The Internal Revenue Service has issued new guidance explaining how businesses can claim up to a 100 percent depreciation deduction for certain production facilities. This benefit was created under a new tax law known as the One Big Beautiful Bill, or OBBB, but many details were unclear until now.

The guidance is included in Notice 2026-16, released jointly by the United States Department of the Treasury and the IRS. It explains how companies can use the new tax break immediately, even before final regulations are issued.

What the new tax break allows?

Under the new rule, businesses can deduct up to 100 percent of the cost of certain eligible property in the same year the property is placed in service. This means companies can write off the full value of qualifying production buildings instead of spreading the deduction over many years.

The deduction applies to “qualified production property.” In simple terms, this generally means non-residential real estate, such as factory buildings, that is used as an important part of a production activity.

What counts as qualified production

The guidance explains that qualified production activities include manufacturing, chemical production, agricultural production, and refining.

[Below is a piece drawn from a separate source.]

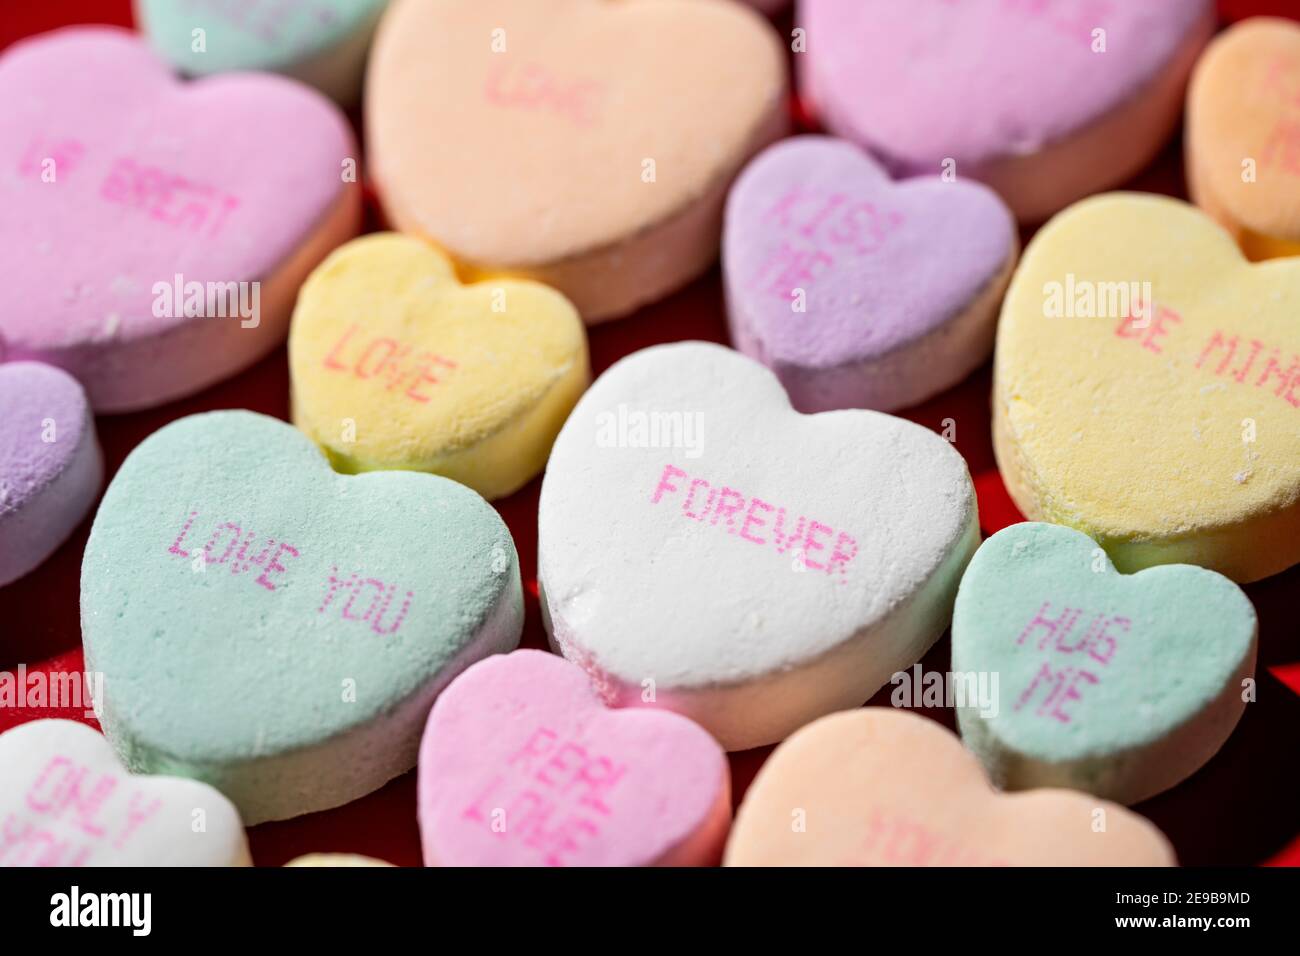 Rows of colorful conversation candy hearts lined up in rows on a red surface. Stock Photo

These activities must result in a substantial transformation of a product. In other words, the process must significantly change the product being made. The property must be directly connected to these activities to qualify for the tax break.

Time limits and election requirement

The IRS makes clear that the property must be placed in service after July 4, 2025, and before January 1, 2031. If it is placed in service outside this time frame, the special 100 percent deduction will not apply. Businesses must also actively choose to use this benefit. The deduction is not automatic. Taxpayers must elect to treat their property as qualified production property.

How the deduction works

Notice 2026-16 explains how to calculate the deduction and how to treat properties that are partly used for production and partly for other purposes. It also covers situations involving related parties. The guidance warns that if a property later stops qualifying, businesses may have to repay some of the tax benefit through depreciation recapture.

Public comments and future rules

The Treasury Department and the IRS said taxpayers can rely on this interim guidance right away. However, they plan to issue proposed regulations that will provide more detailed rules.

The agencies are asking for public comments before finalizing those regulations. Stakeholders will have 60 days from the date the notice was issued to submit their views.

With this guidance, the IRS has clarified how businesses can use the new production incentive and what steps they must follow to claim the full 100 percent write-off.